Just look at your other post on this thread. How do you spell "independent"???
I understood what you meant, and I understand what the other posters have said.
So for you to say/post what you posted is wrong!
" #21 Today, 12:57 AM 
Harleyjeff 
Senior Member Join Date: Sep 2009
Location: Round Lake Heights Illinois
Posts: 153 
Spelling and punctuation isn't optional. How many of you guys actually graduated? Considering yourself a professional means being professional in all aspects of the word., and you do realize that there is a spell-check function here in case you're not that good at spelling, right? Jesus Christ, I'd never sign a contract with someone who couldn't even get the spelling and punctuation right in their own contract! "

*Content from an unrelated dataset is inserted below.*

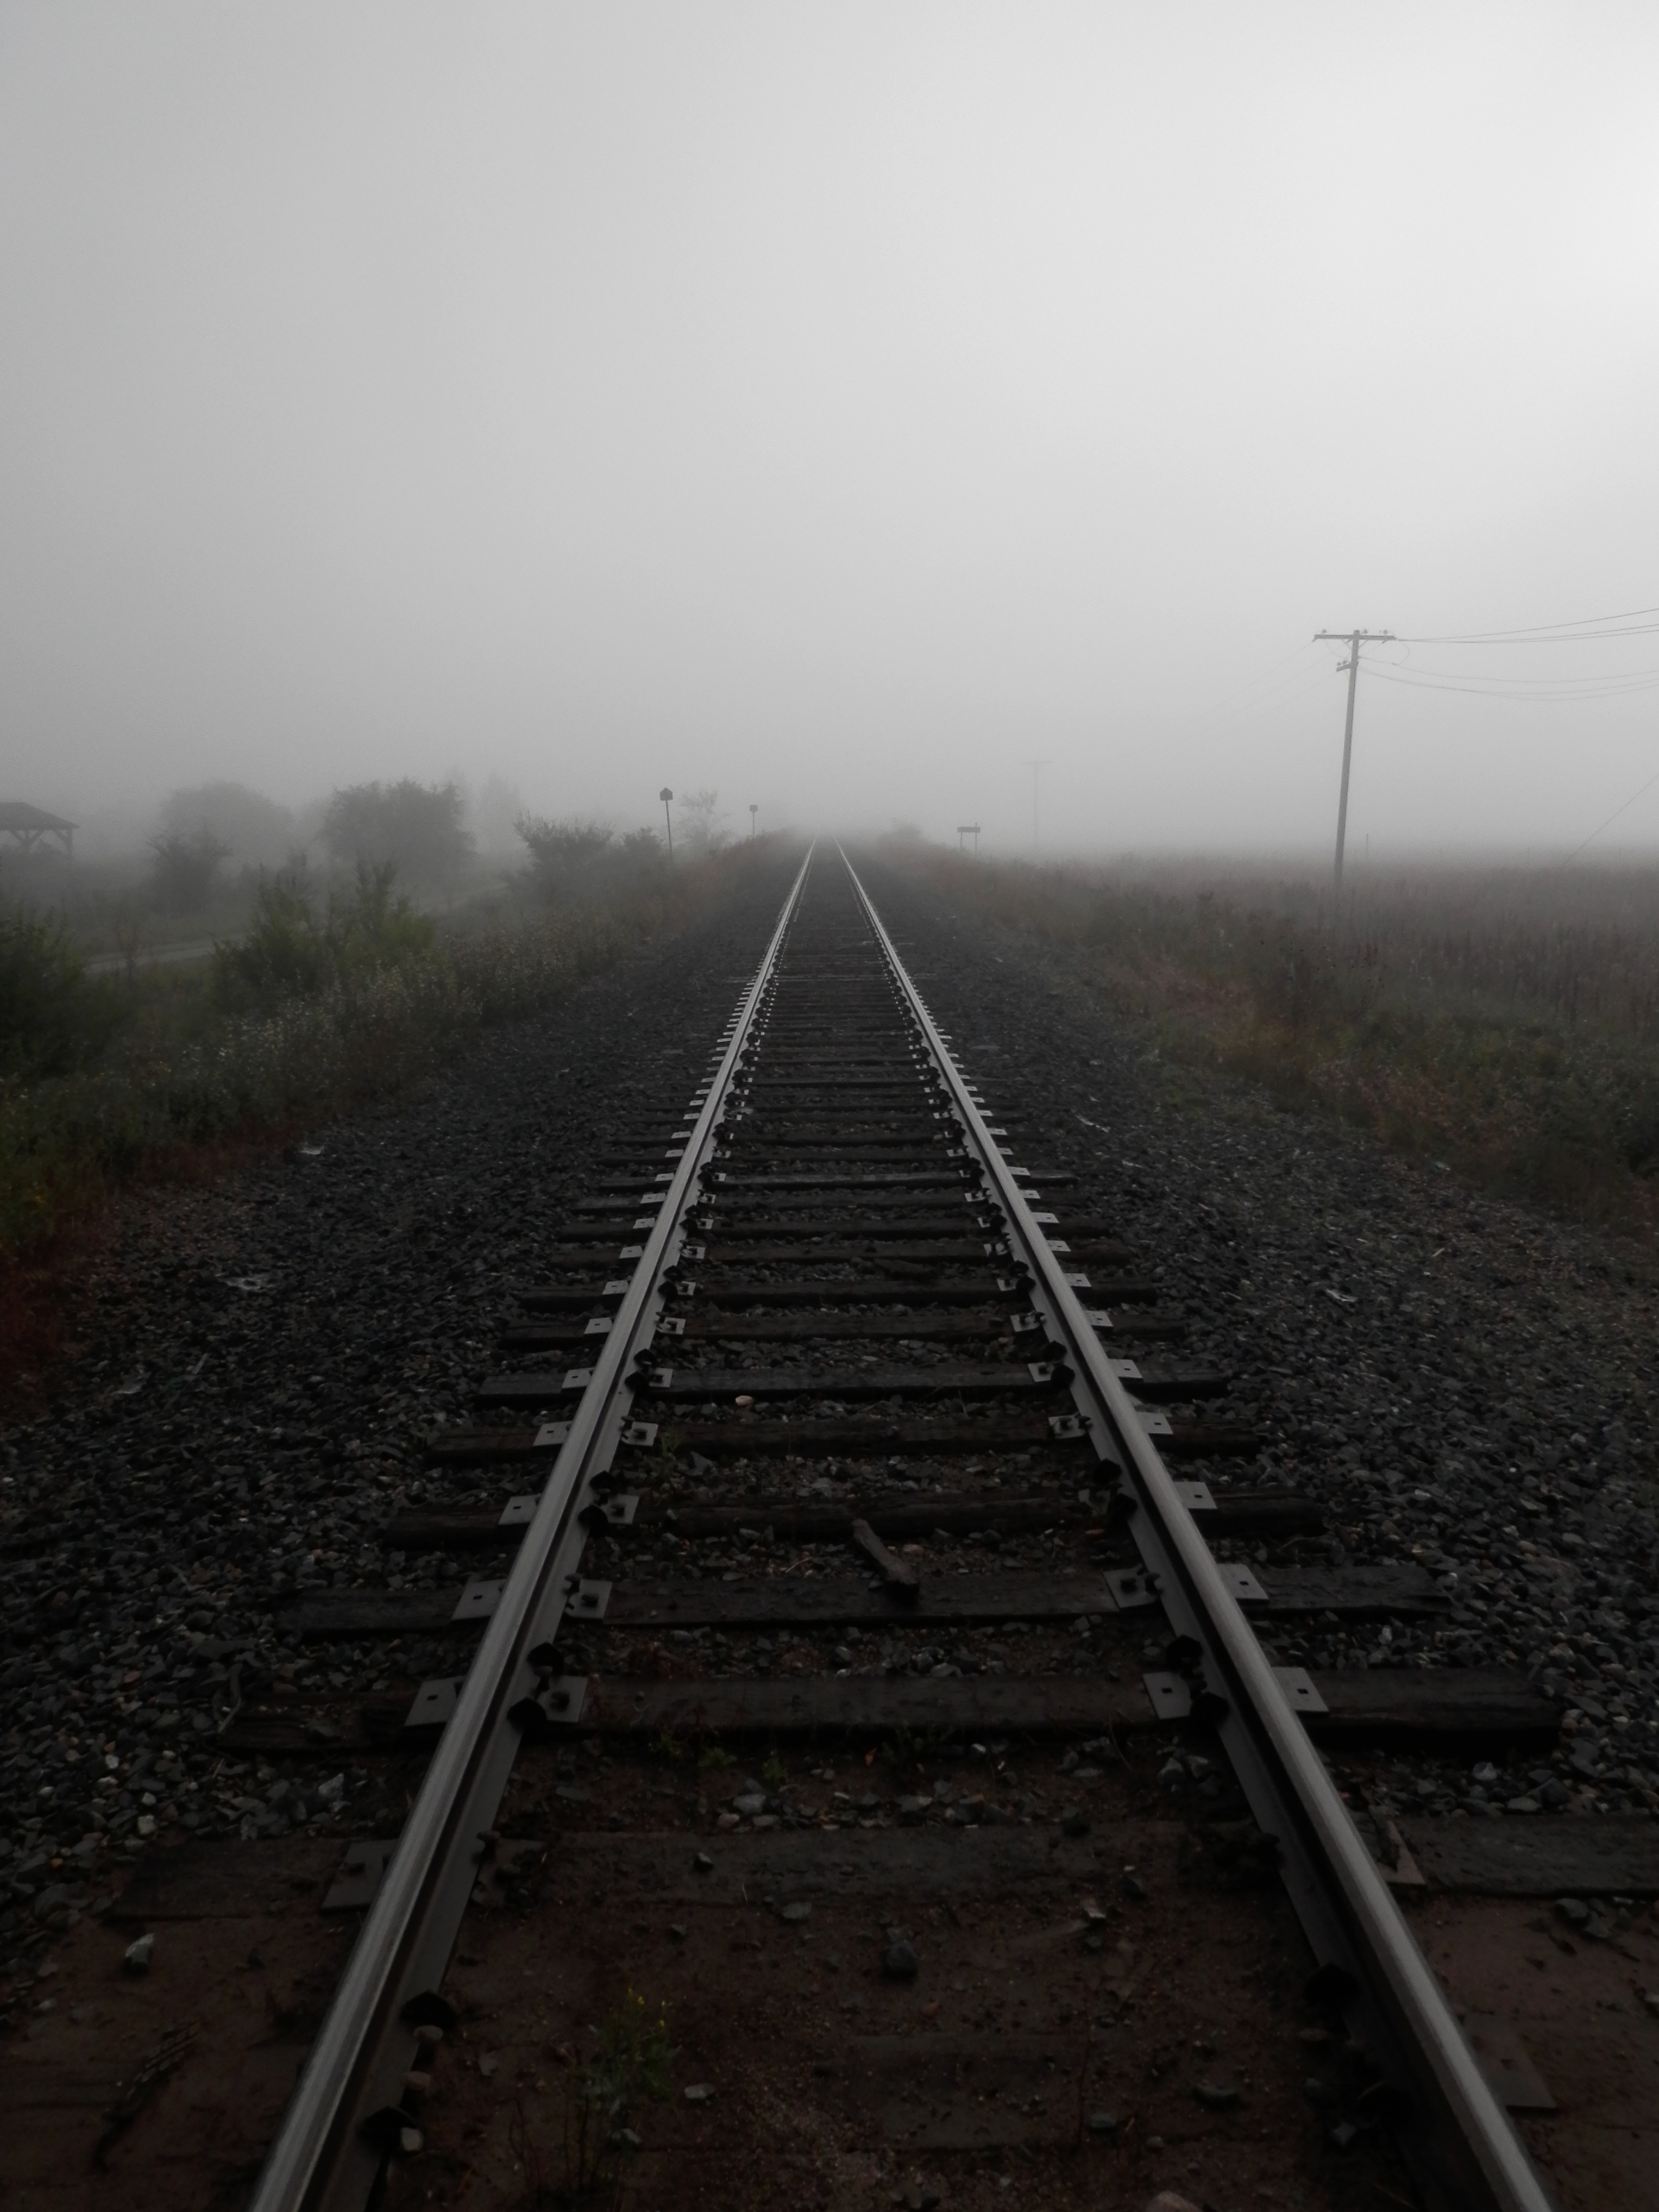 File:Train Tracks in the Fog - Saskatoon 01.jpg - Wikimedia Commons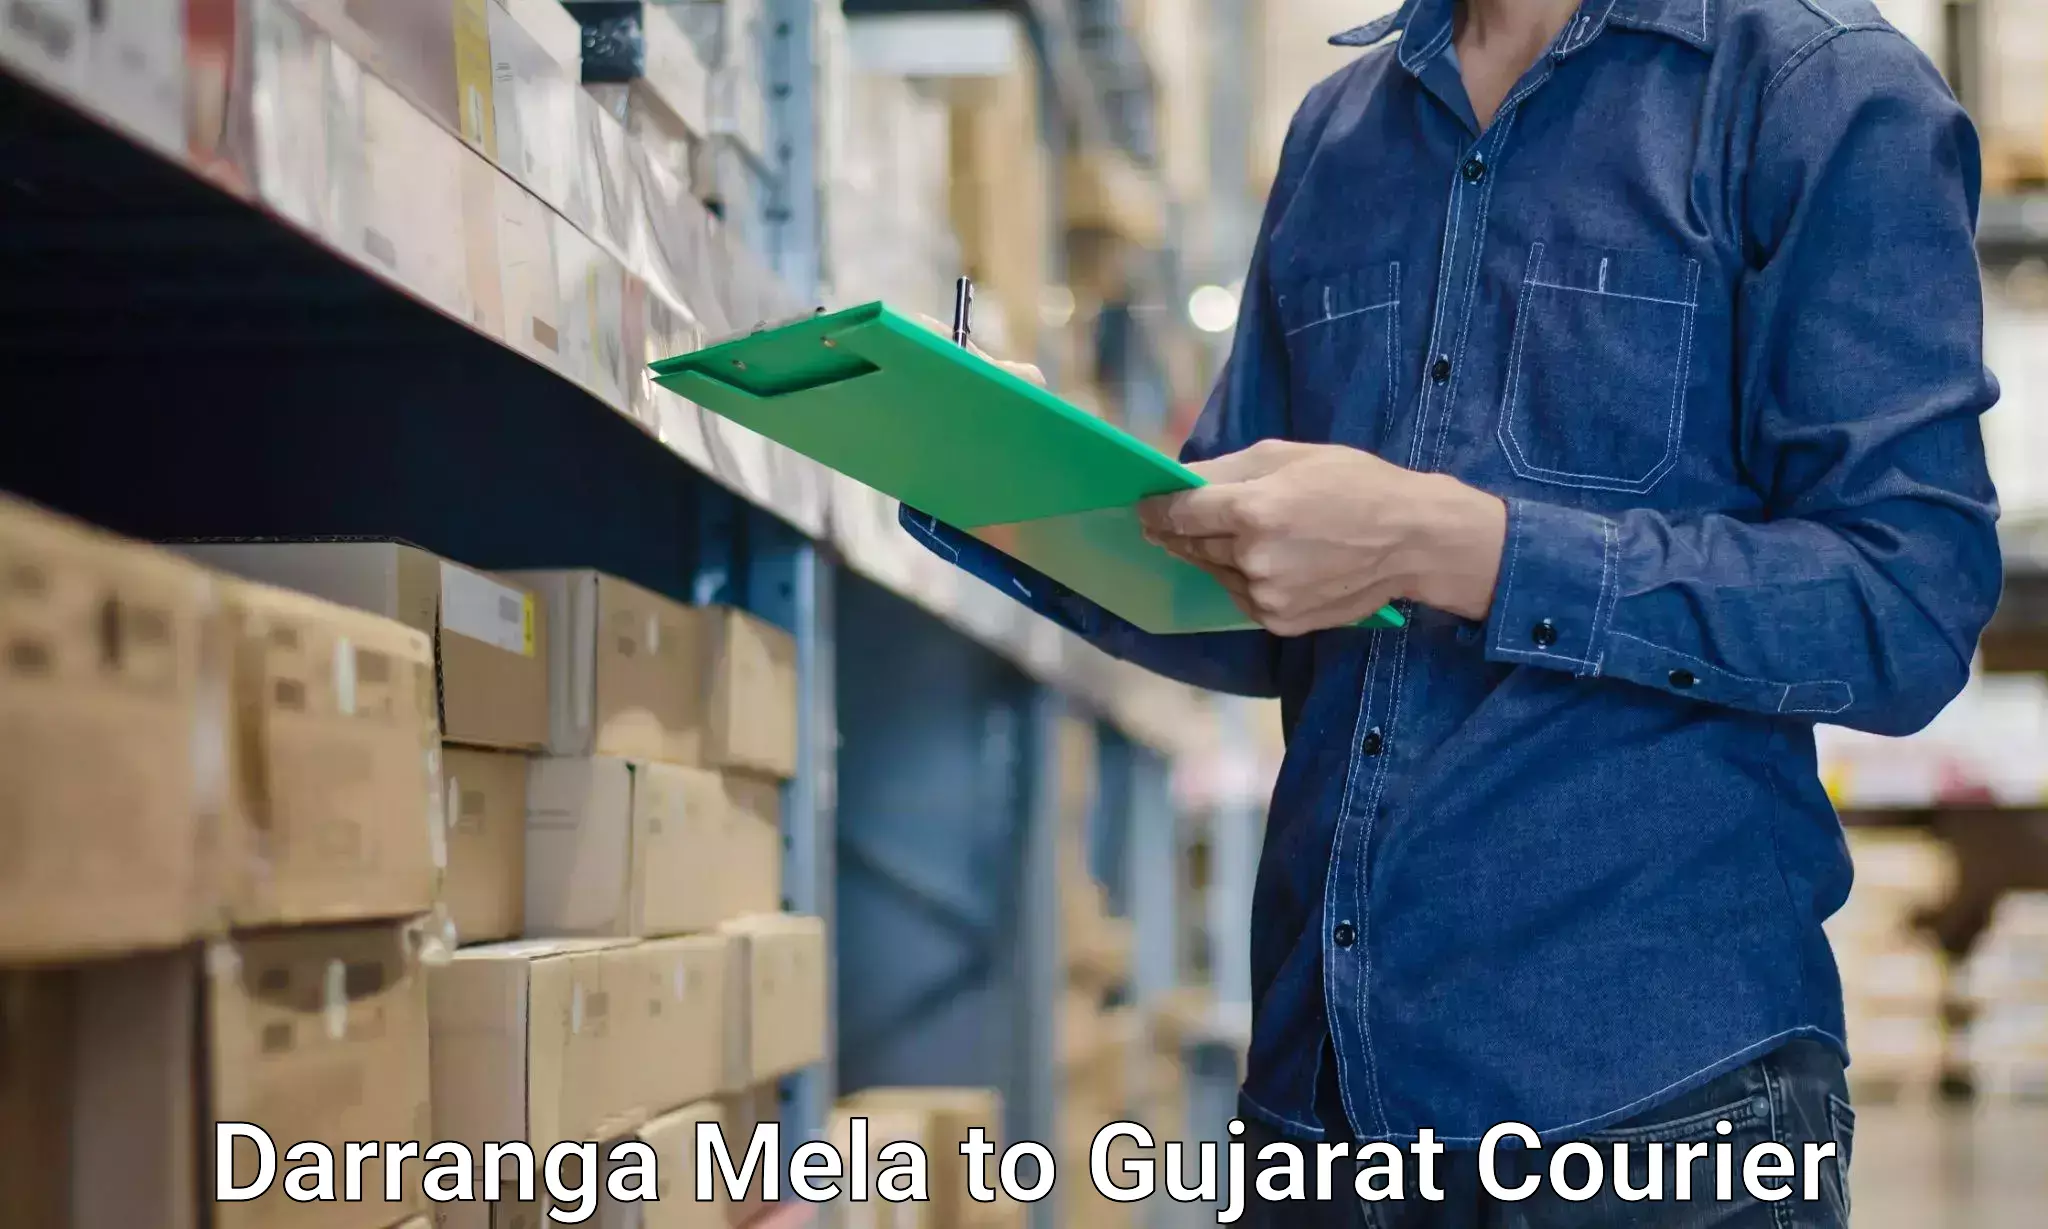 Moving and handling services Darranga Mela to Jhagadia

Come on dude, be cool!Thumbs Up
We are not all perfect!

Thank you,
Scott


----------



## 30below (Jan 11, 2009)

My wife and I both have grizzly 700's. They are great all around machines. They have good power, however not the most powerful out there anymore. They are one of the best for reliability. They are a little tipsy because the suspension is a little soft. I plow with mine and it's awesome. Good mileage out of a tank of gas. Oh and the CVT belt setup is the best in the industry, IMO.


----------



## champ3jd (Dec 16, 2005)

We have a 700 and a 450.
Too do it again, I wouldn't buy the 450, I would go with the 550 which they didn't release till I already had the 450.
The 700 is awesome! I plowed our 1/4 mile long steep curvy gravel driveway from '07 to '12 with no issues at all.
Bought a Ranger with a Boss plow in '12 and it's great.
You are right on the Yamaha cvt, it's by far the best out there. I have finally got use to the Polaris setup, but the Yammi is wayyyyyyy better!
Love your pics too


----------